Search term "Board": copy each line of the records that contains it.
BEGIN
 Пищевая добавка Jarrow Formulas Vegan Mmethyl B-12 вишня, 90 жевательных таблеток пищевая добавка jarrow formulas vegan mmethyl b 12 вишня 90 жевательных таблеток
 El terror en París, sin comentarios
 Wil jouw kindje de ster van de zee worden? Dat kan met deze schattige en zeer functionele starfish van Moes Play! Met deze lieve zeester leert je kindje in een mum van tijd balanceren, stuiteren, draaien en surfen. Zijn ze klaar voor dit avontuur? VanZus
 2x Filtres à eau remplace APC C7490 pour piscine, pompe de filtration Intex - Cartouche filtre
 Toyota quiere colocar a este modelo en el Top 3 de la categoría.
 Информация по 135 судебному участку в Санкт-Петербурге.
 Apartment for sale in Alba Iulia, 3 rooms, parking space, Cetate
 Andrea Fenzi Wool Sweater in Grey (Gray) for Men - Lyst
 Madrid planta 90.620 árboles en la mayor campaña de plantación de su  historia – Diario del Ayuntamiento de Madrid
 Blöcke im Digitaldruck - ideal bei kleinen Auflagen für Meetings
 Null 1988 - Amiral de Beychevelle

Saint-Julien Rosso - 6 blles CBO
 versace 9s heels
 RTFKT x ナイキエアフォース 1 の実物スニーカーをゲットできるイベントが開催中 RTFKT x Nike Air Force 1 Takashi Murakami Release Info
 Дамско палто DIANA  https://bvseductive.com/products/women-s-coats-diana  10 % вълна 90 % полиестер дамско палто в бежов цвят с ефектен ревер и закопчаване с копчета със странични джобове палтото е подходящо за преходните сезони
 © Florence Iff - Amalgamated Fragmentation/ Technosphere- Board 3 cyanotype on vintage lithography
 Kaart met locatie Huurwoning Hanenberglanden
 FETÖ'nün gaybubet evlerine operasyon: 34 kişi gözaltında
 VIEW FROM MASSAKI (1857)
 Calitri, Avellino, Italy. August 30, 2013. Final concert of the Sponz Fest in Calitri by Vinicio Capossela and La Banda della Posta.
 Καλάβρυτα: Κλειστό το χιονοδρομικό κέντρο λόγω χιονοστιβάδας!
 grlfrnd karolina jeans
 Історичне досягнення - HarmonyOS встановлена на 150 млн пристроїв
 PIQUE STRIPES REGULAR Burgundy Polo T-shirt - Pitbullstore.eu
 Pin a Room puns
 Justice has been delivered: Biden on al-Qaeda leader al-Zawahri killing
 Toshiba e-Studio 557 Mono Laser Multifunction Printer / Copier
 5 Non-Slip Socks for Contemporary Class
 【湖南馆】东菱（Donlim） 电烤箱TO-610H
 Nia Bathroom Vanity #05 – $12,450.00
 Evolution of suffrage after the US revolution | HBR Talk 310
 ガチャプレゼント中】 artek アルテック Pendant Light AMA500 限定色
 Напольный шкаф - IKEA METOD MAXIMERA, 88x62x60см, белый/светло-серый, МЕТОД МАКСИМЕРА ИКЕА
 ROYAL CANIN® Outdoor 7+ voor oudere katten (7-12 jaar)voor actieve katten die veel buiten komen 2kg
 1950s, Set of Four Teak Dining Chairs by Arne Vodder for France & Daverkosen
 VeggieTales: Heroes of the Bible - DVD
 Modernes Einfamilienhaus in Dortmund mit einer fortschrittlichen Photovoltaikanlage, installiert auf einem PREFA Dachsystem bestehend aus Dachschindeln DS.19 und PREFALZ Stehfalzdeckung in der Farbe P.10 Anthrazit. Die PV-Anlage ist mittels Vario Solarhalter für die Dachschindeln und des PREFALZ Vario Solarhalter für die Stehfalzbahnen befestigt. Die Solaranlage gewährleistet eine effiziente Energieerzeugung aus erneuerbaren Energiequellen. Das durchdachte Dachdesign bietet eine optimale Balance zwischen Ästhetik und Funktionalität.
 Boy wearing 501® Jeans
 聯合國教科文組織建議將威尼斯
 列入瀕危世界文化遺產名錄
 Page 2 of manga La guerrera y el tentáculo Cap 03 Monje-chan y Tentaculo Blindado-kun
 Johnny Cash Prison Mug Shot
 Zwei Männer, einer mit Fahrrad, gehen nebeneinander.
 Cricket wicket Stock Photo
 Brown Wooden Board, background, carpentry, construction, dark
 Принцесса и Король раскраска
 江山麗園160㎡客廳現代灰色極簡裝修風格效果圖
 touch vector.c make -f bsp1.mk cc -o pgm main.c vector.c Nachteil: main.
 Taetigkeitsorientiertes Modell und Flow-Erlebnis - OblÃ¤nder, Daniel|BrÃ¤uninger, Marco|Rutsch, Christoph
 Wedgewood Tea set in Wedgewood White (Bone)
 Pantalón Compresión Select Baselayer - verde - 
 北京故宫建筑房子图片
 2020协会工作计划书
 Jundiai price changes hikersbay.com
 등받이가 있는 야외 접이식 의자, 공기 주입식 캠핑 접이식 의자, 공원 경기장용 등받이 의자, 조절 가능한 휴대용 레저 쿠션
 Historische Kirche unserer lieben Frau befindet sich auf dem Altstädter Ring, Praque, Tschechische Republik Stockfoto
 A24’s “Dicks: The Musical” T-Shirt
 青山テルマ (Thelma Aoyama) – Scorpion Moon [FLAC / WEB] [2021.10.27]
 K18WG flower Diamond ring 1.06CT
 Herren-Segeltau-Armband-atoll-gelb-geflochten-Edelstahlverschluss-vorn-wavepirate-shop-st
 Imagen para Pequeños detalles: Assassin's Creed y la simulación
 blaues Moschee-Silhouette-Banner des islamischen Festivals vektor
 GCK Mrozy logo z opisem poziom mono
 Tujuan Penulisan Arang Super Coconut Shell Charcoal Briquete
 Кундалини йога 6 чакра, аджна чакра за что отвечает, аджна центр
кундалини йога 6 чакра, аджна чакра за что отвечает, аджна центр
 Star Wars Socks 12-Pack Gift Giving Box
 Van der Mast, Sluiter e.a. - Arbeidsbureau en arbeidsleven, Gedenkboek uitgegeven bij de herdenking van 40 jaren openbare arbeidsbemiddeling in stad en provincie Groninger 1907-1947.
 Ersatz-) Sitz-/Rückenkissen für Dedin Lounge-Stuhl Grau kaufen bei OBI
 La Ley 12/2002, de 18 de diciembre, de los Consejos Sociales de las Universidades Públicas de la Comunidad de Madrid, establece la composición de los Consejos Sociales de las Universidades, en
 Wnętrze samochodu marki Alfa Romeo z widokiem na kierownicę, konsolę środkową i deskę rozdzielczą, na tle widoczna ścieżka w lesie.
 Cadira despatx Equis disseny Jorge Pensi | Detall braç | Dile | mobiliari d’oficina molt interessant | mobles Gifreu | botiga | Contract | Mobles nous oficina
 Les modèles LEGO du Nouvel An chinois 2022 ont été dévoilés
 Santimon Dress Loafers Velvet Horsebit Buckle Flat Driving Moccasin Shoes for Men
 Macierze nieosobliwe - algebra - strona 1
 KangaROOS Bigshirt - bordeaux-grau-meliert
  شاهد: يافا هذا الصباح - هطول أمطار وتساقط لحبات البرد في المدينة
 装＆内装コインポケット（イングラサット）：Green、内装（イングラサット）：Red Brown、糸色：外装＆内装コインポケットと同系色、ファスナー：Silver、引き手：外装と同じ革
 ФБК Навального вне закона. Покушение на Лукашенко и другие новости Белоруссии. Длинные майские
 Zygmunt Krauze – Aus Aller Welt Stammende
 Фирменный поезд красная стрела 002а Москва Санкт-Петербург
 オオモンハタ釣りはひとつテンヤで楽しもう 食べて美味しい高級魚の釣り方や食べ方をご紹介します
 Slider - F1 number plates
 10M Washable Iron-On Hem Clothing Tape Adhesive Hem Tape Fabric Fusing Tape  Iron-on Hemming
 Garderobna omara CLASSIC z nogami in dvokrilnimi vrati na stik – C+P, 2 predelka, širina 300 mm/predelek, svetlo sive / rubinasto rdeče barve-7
END
» Output:
 © Florence Iff - Amalgamated Fragmentation/ Technosphere- Board 3 cyanotype on vintage lithography
 Brown Wooden Board, background, carpentry, construction, dark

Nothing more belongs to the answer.